These two poems were written some thirteen years apart. One Christmas day I walked around the garden with my father. He said "soon be snowdrop time again". Those words stayed in my head and the same day I wrote them into a poem. I was eighteen. The following year I left my parents and home for the greatest adventure, independence.
 
The later poem, which was originally the only one intended for this page, was written early in 2004, around the theme of 'beginnings'. When I started adding it to this page, memories came back of those other snowdrops and that Christmas at the very end of childhood.

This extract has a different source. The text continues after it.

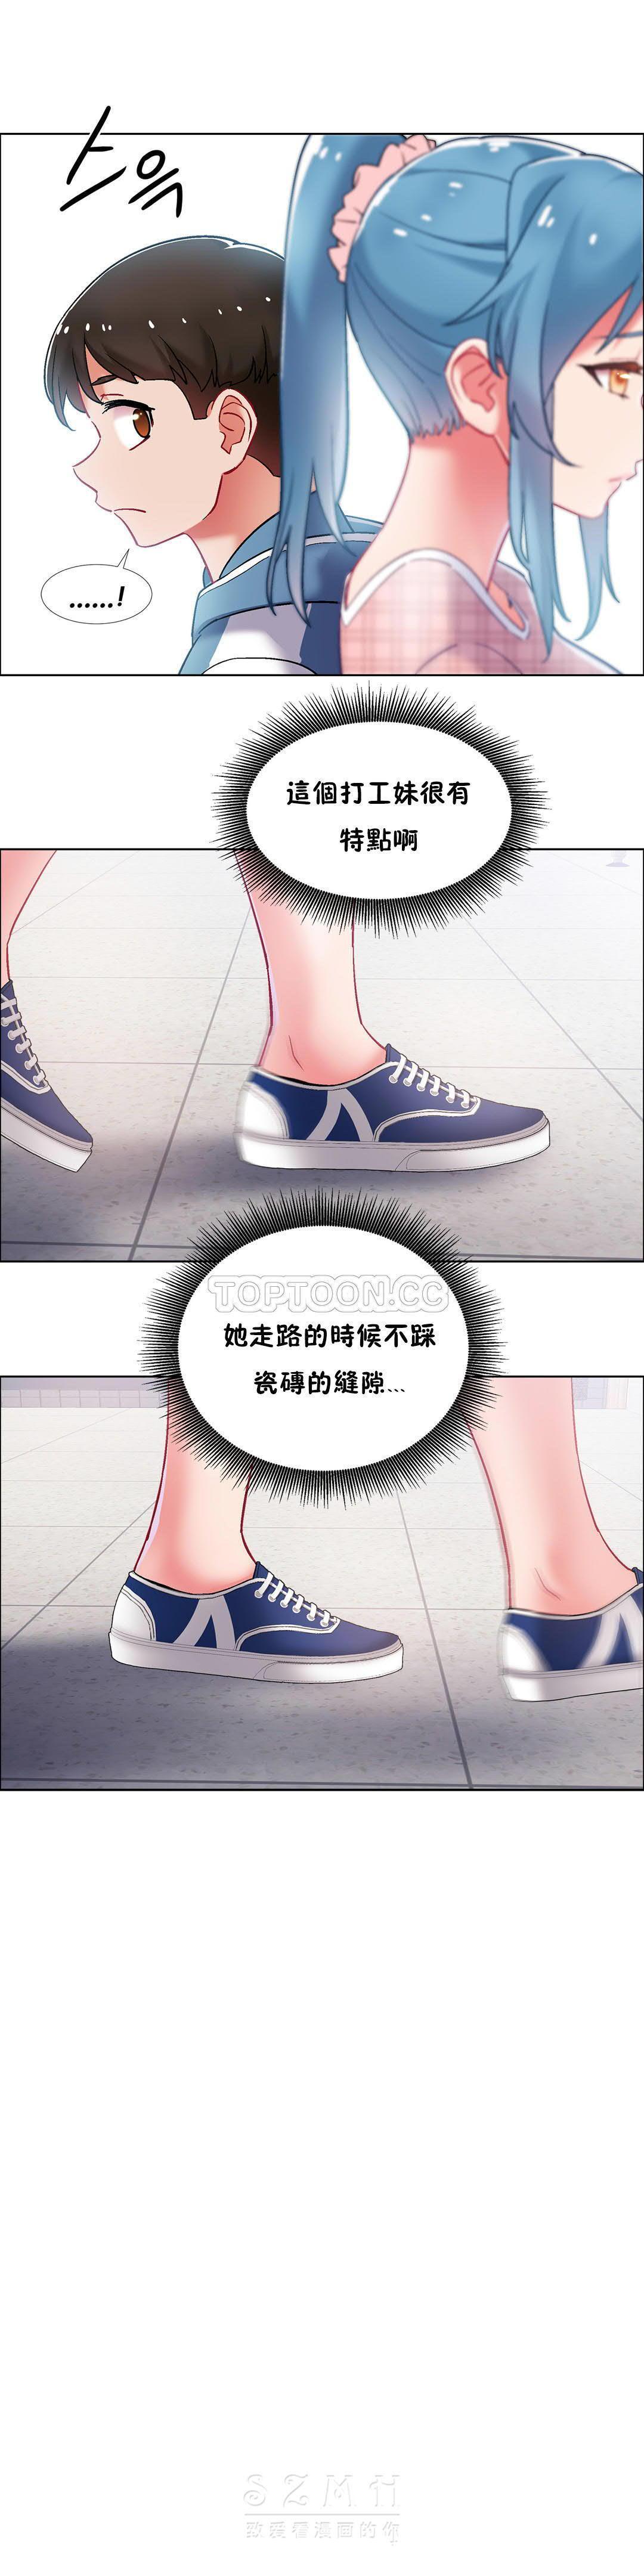 [Studio Wannabe] Rental Girls | 出租女郎 Ch. 33-58 [Chinese]  第二季 完结 37

How can possibly I seperate emotion from creativity, the two walk hand in hand.
 
Image courtesy of Allposters.com 
'Beginnings' is featured in VoicePrint 1 
Beginnings

Cold, dank, freeze-dried earth,
beaten to iron-armour by winter,
made impenetrable.

I open my door,
chilled fingers frozen to keys.
As I fumble and fail with the lock,
keys fall.
I stoop to retrieve them.

They have landed on the one point of all life.
Two small, green spears
gently shielding a bud of snow-white.

Today it is a beginning.
Tomorrow it will be spring.

© Berenice Dunford 2004.
 
 
Snowdrop Time

Soon be snowdrop time
said the father to his child.
Time to begin the climb
up the long year.


But Father, my dear,
something I have to say.
When the passage of the year
has gone on its way,
I may not be here.
I'll leave you one day.


Still the snowdrops will bloom
and nod without you...

The father looks. She has gone,
her whisper in his ear.

May the world surely spin
and the sun ever shine.
Can I always come in
and this home be mine.


And the snowdrops wilt
until autumn rains run
and the winter snows melt.
Soon be snowdrop time again.

© Berenice Dunford 1989.



Dedicated to my father - Rob - who once said those words "Soon be snowdrop time again".